5 Query Pushdowns for Distributed SQL and How They Differ from a Traditional RDBMS
A pushdown is an optimization to improve the performance of a SQL query by moving its processing as close to the data as possible. Pushdowns can drastically reduce SQL statement processing time by filtering data before transferring it over the network, filtering data before loading it into memory, or pruning out entire files or blocks that do not need to be read. PostgreSQL is a highly optimized single-node RDBMS when it comes to pushdowns. Because Yugabyte’s YSQL API reuses the upper half of PostgreSQL, it inherits these optimizations.
However, the pushdowns required in a distributed SQL database are different from those found in a traditional RDBMS such as PostgreSQL. This post explains the additional pushdown optimizations implemented in YugabyteDB to improve performance.
Broadly speaking, in a distributed SQL database like YugabyteDB most of the additional pushdown optimizations required (beyond that of a single-node RDBMS) come down to working around the latency and bandwidth limitations imposed by the network.
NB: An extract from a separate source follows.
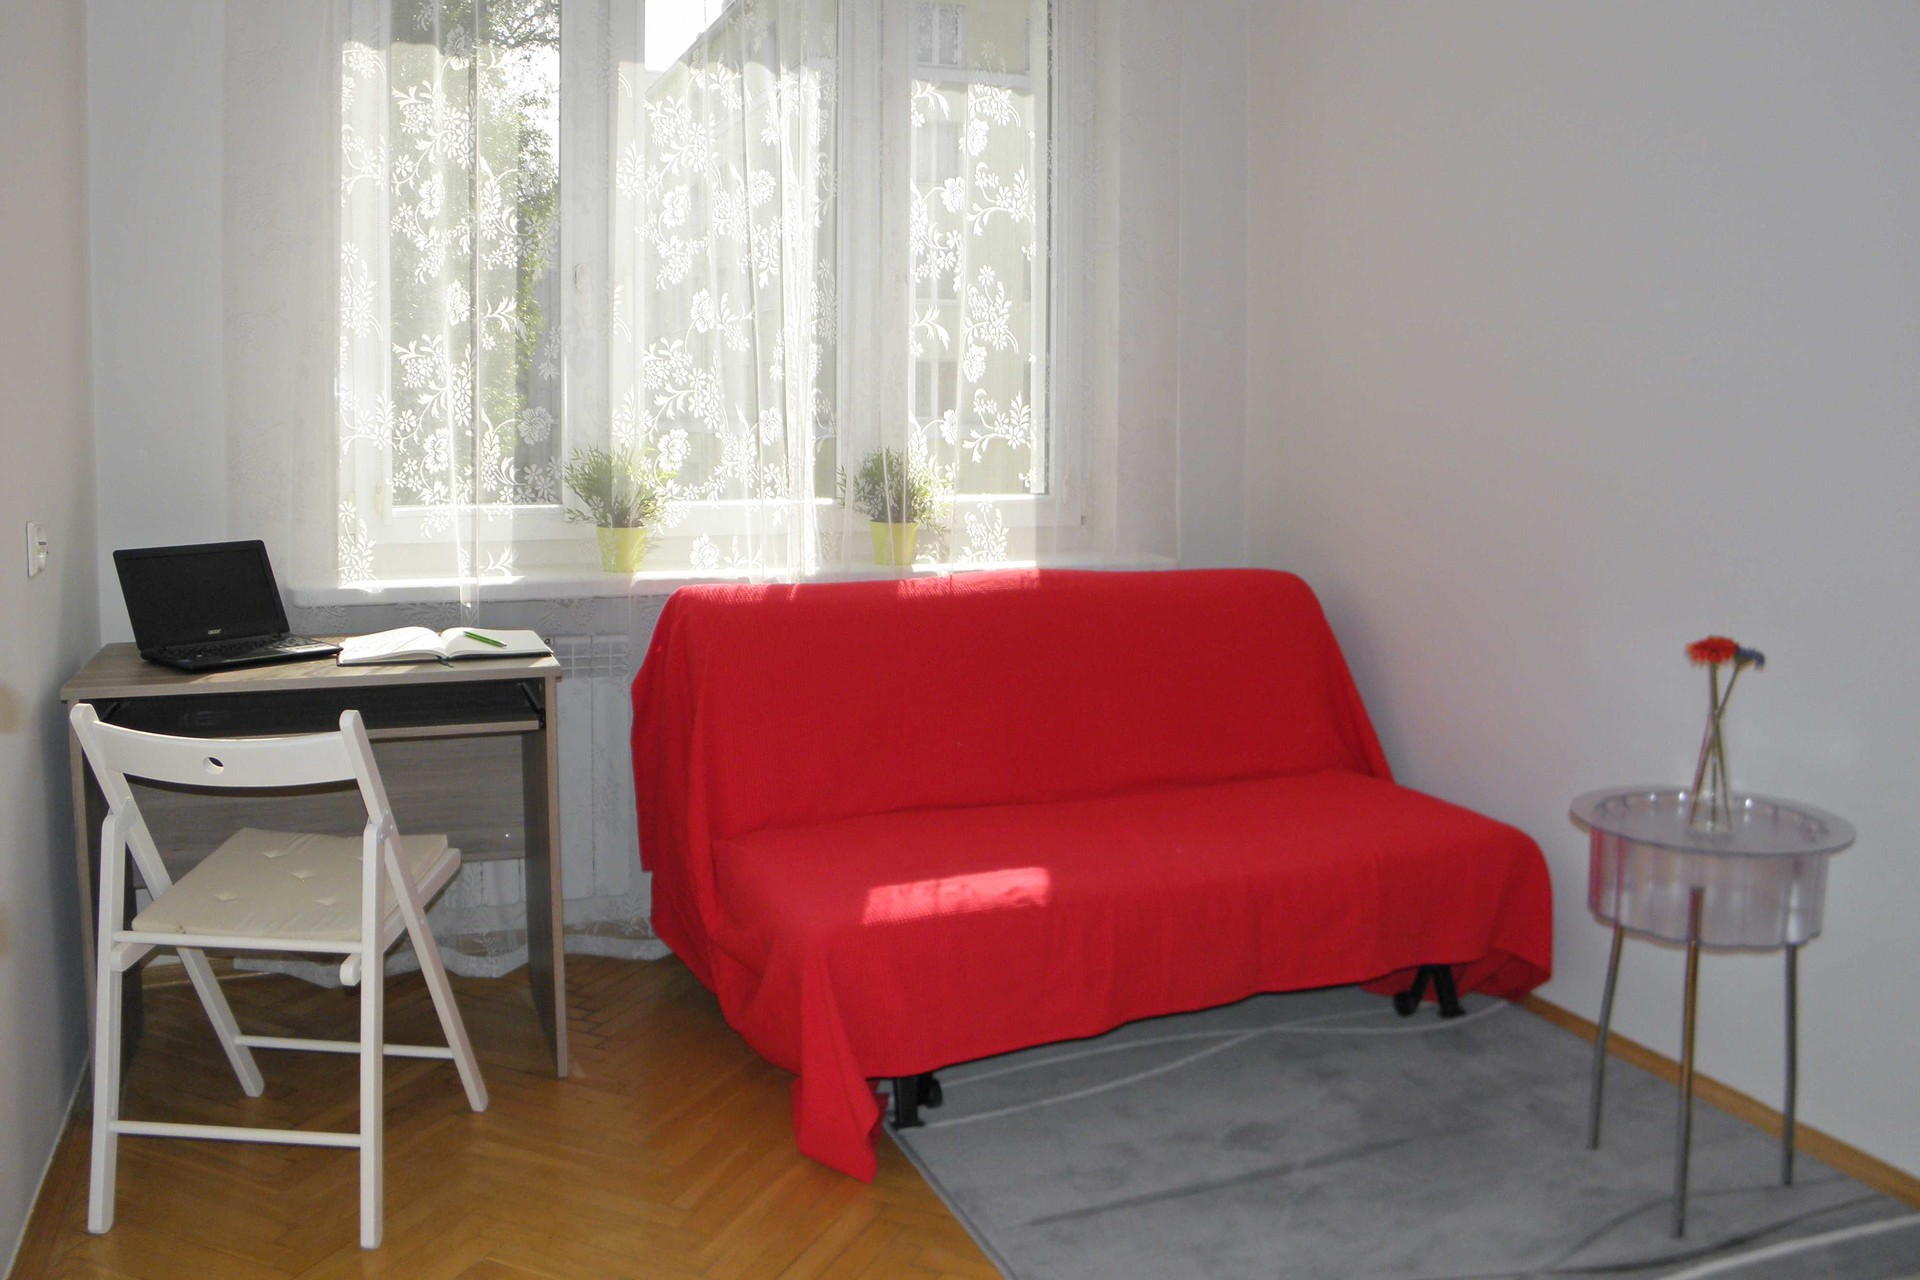 room-rent-free-internet-close-swps-university-city-center-8910580c433c9301e1a31c44d58152bd

These primarily include reducing the number of remote calls and the data transferred over the network. Thus, in order to optimize for the network, it is important to identify these scenarios across the various queries and optimize them by pushing down as much of the query processing logic close to the storage layer (called DocDB) as possible.
In order to enable more pushdowns, the underlying storage layer needs to be capable of performing as large a fraction of query processing as the query layer itself. YugabyteDB achieves this by reusing the PostgreSQL libraries at both the YSQL query layer as well as at the DocDB distributed storage layer. This is possible because the PostgreSQL libraries are implemented in C and DocDB is implemented in C++. Therefore there is no impedance to cross-language calls. This is shown diagrammatically below.
The rest of this post will explore 5 pushdown techniques for optimizing various queries.
- Single row operations
- Batch operations
- Filtering using index predicates
- Index-organized tables
For all the above techniques, we will be using the following table:
CREATE TABLE employees ( id BIGINT PRIMARY KEY, name TEXT, email TEXT NOT NULL, hire_date DATE, salary INT );
This class of pushdowns deals with operations such as single row inserts and updating or deleting a row using the primary key value. We will take the case of a simple SQL INSERT statement into the user table mentioned above. An example is shown below.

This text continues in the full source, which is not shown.